* [WHAT TO PRODUCE]
All of the data that follows is to be printed exactly, without pictures.

* [DATASET SECTION]
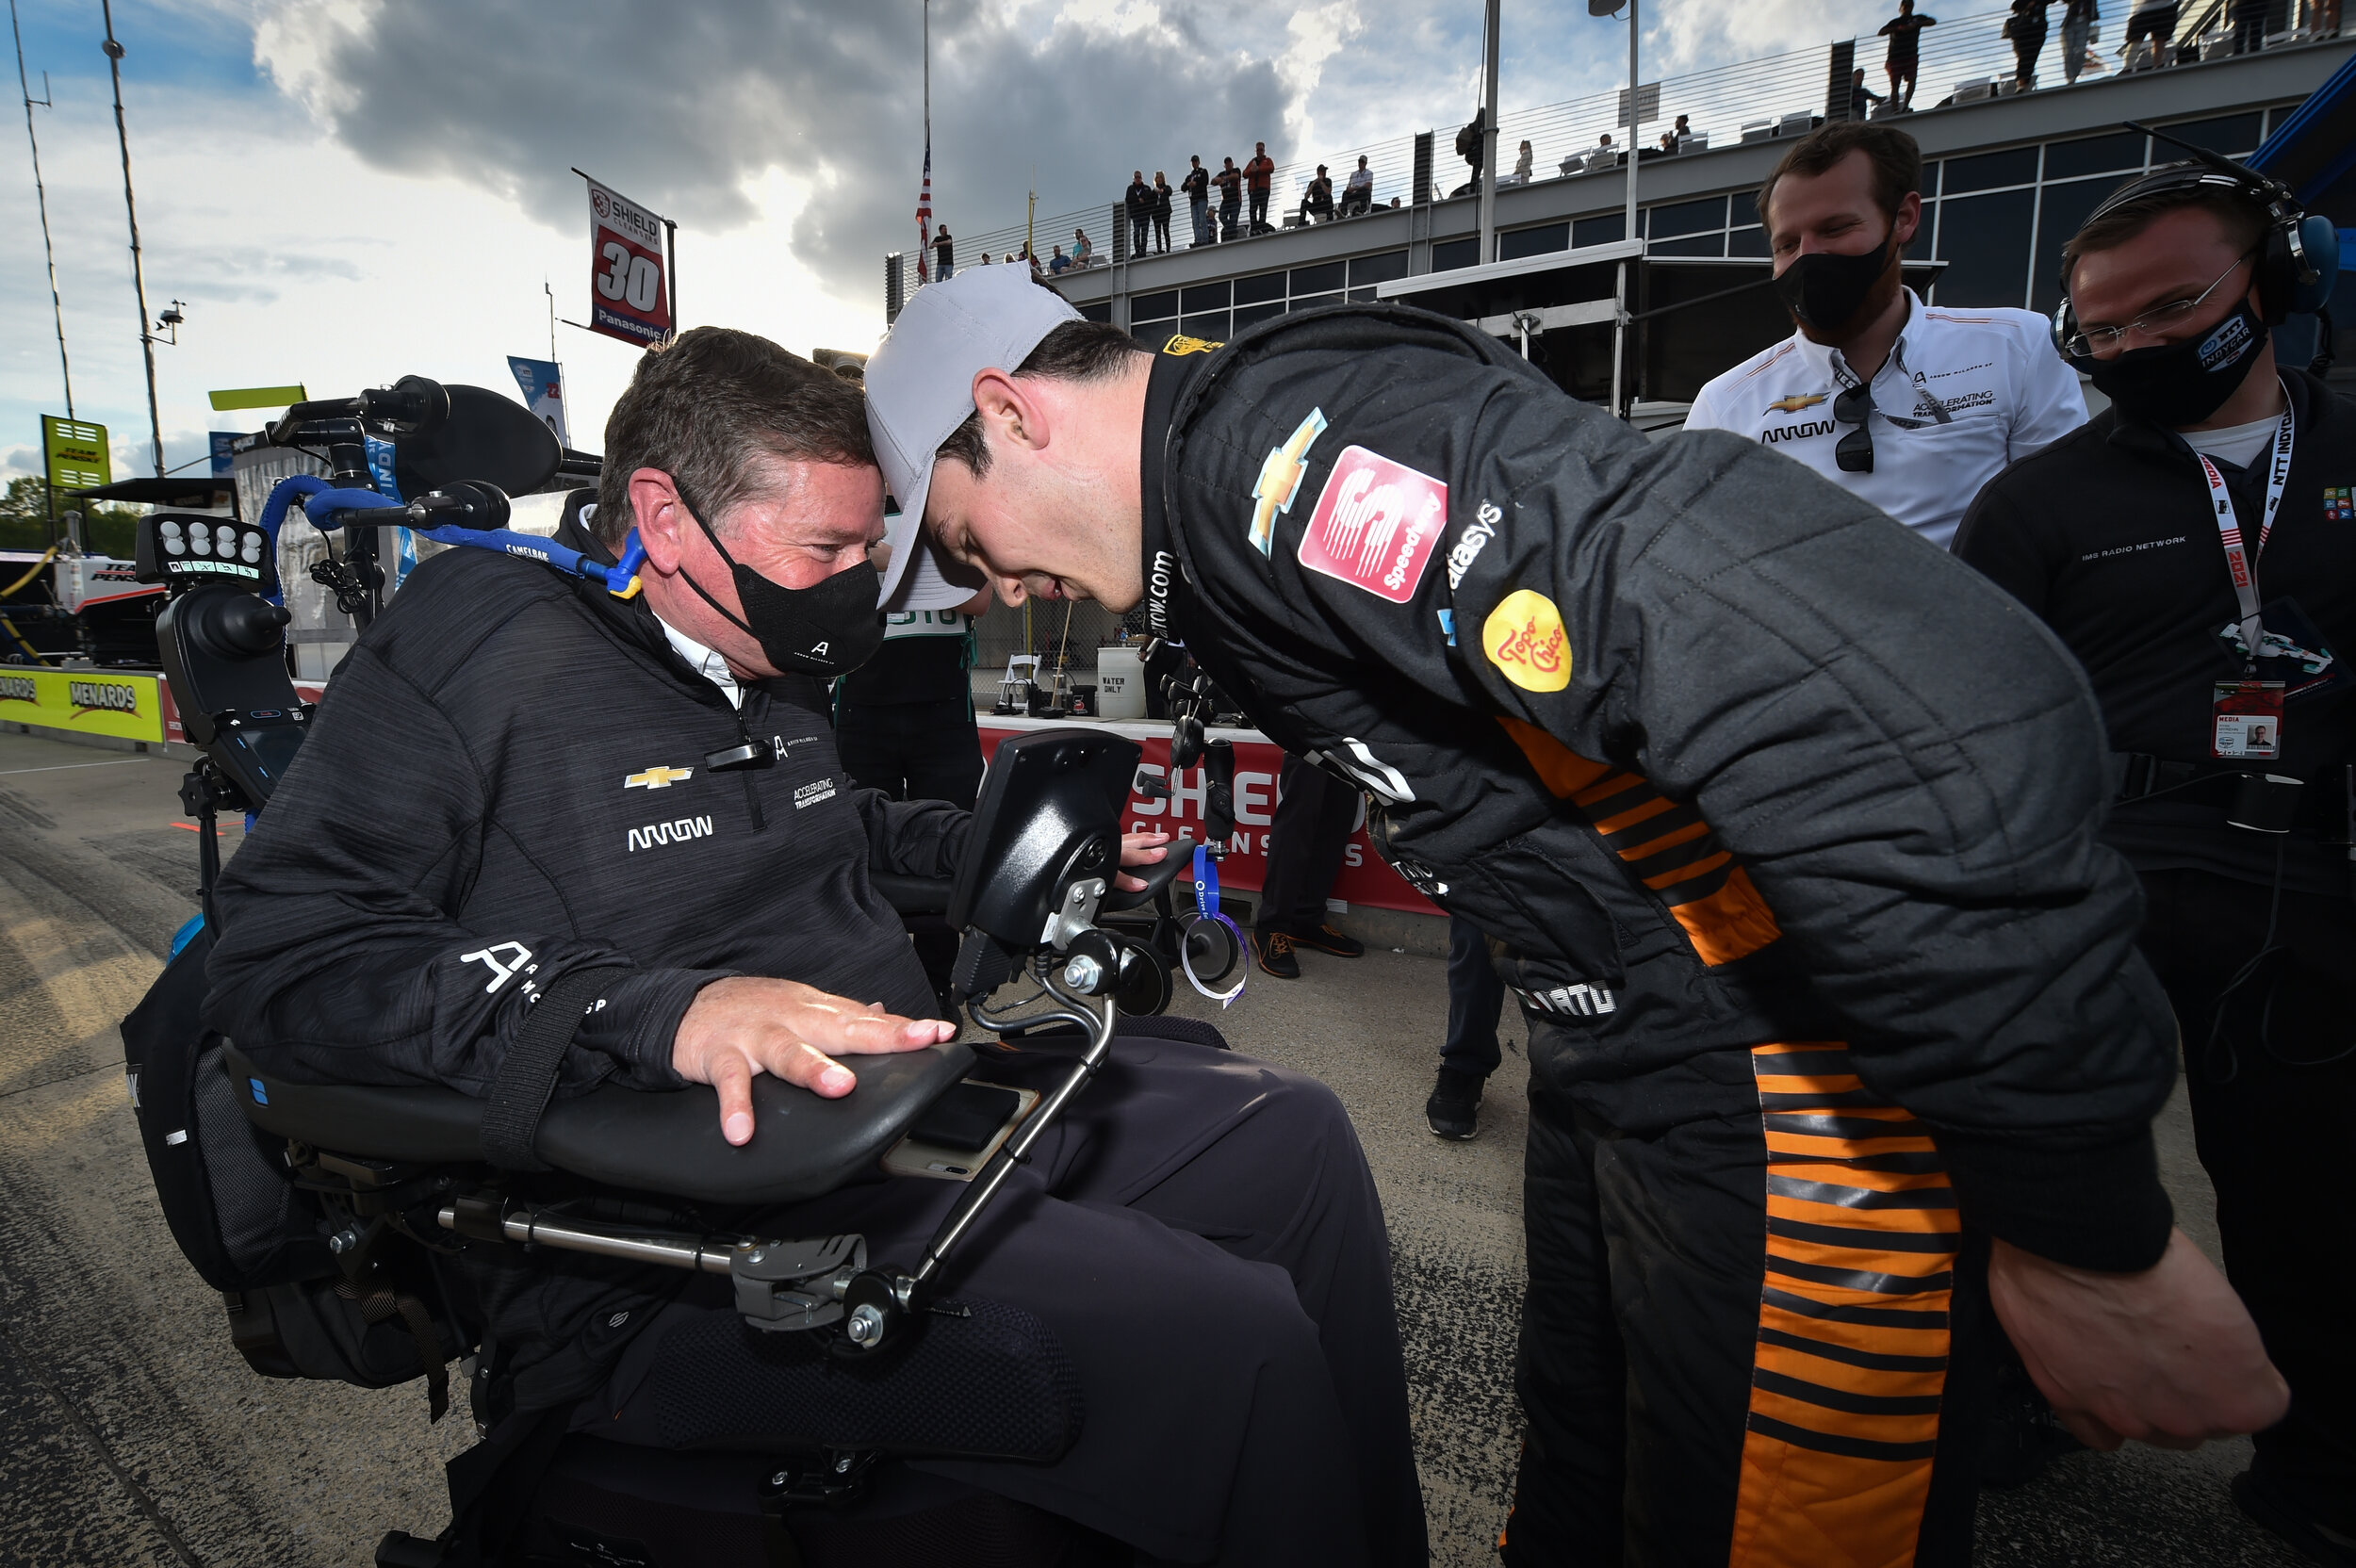  Pato O'Ward shares a moment with team owner Sam Schmidt. 
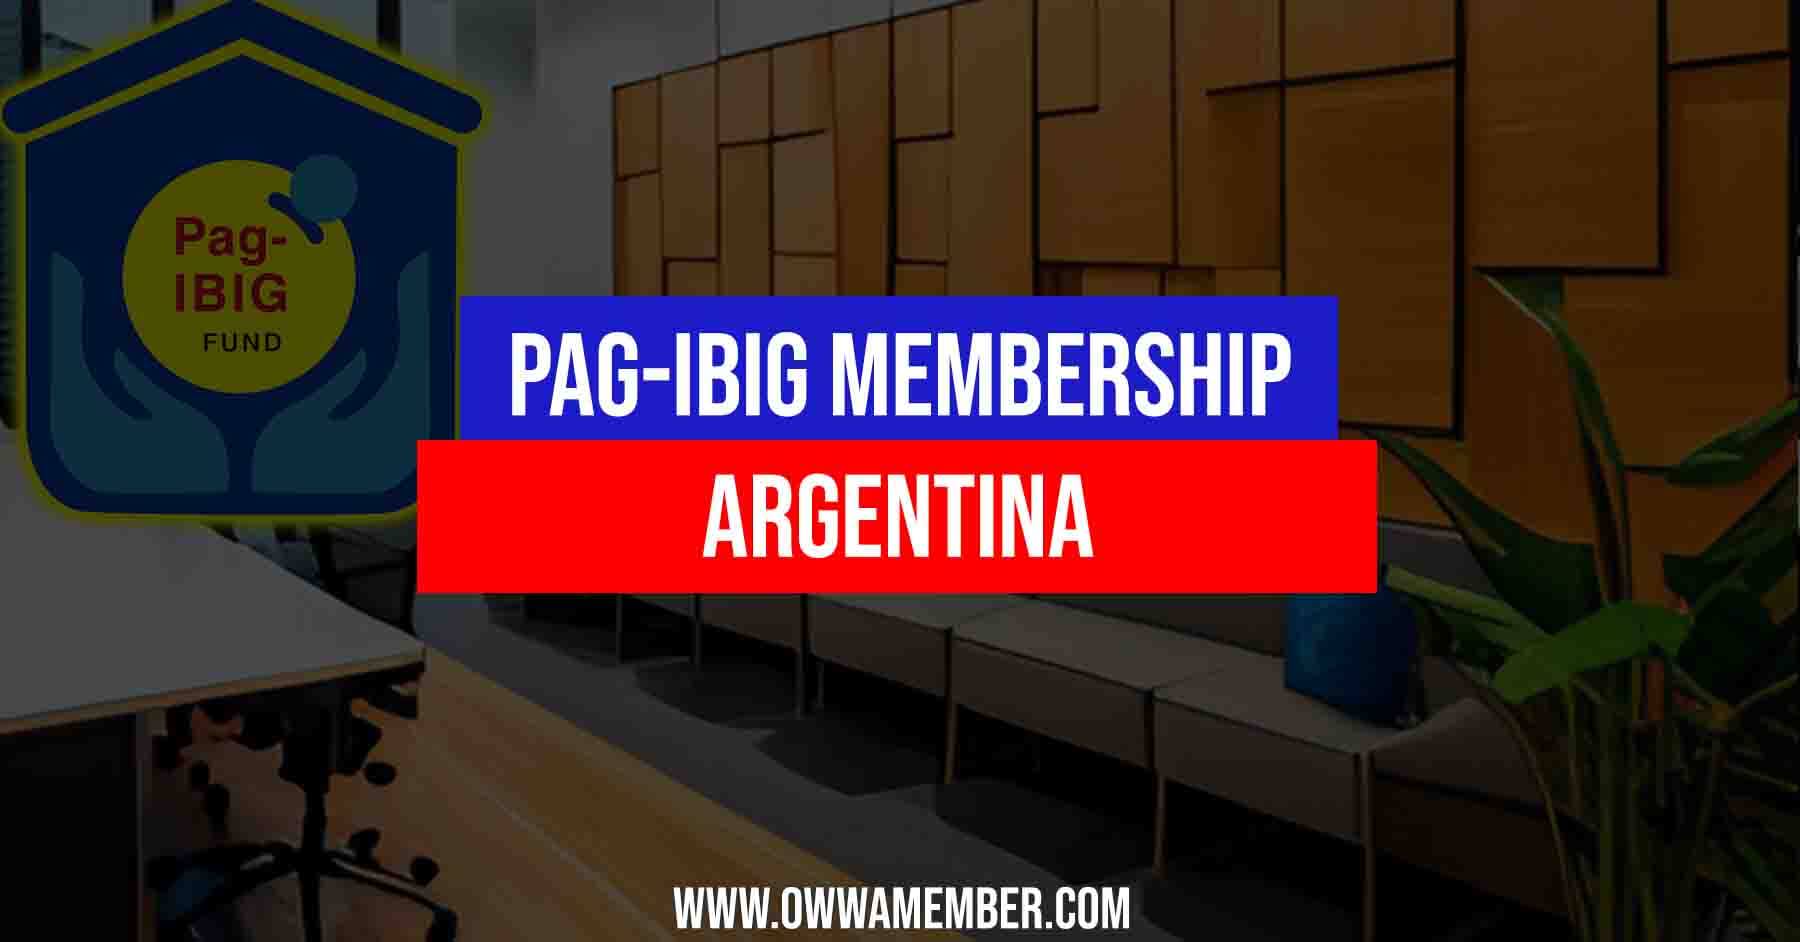 how to apply pagibig membership in argentina
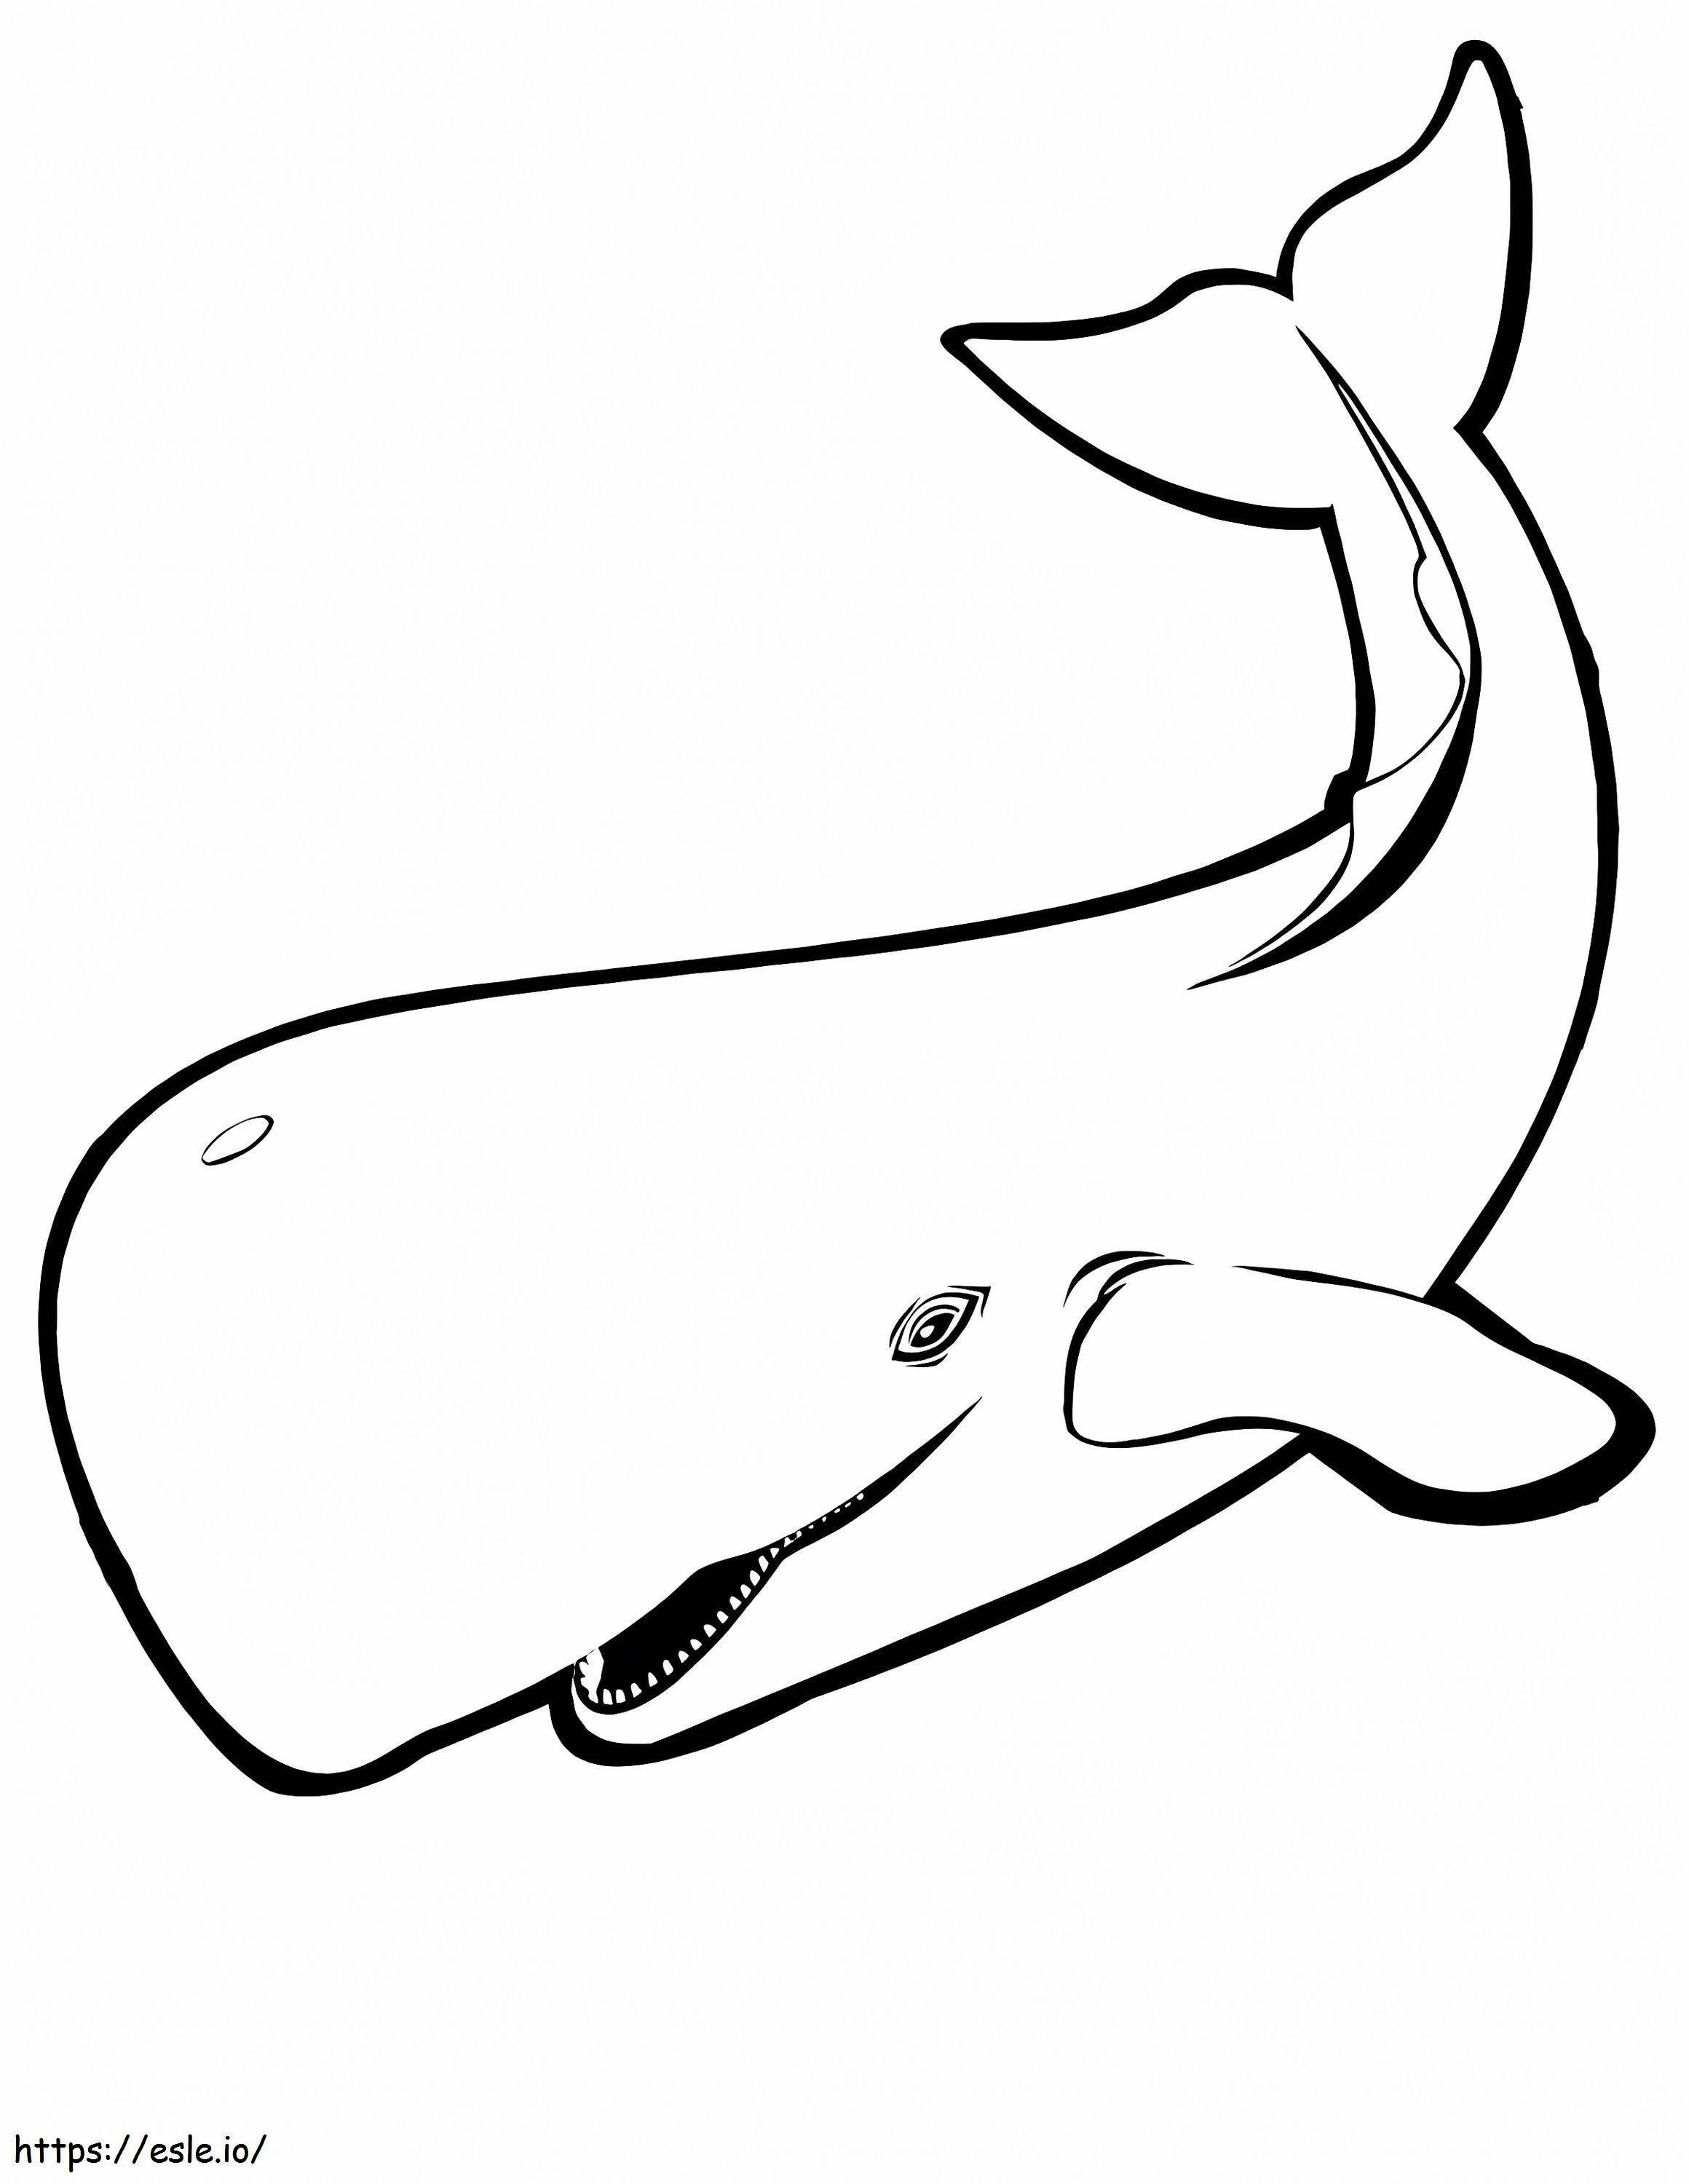 1541747932 Whale Coloringkids Org coloring page

* [RESPONSE TO THIS EXERCISE]
  Pato O'Ward shares a moment with team owner Sam Schmidt. 
 how to apply pagibig membership in argentina
 1541747932 Whale Coloringkids Org coloring page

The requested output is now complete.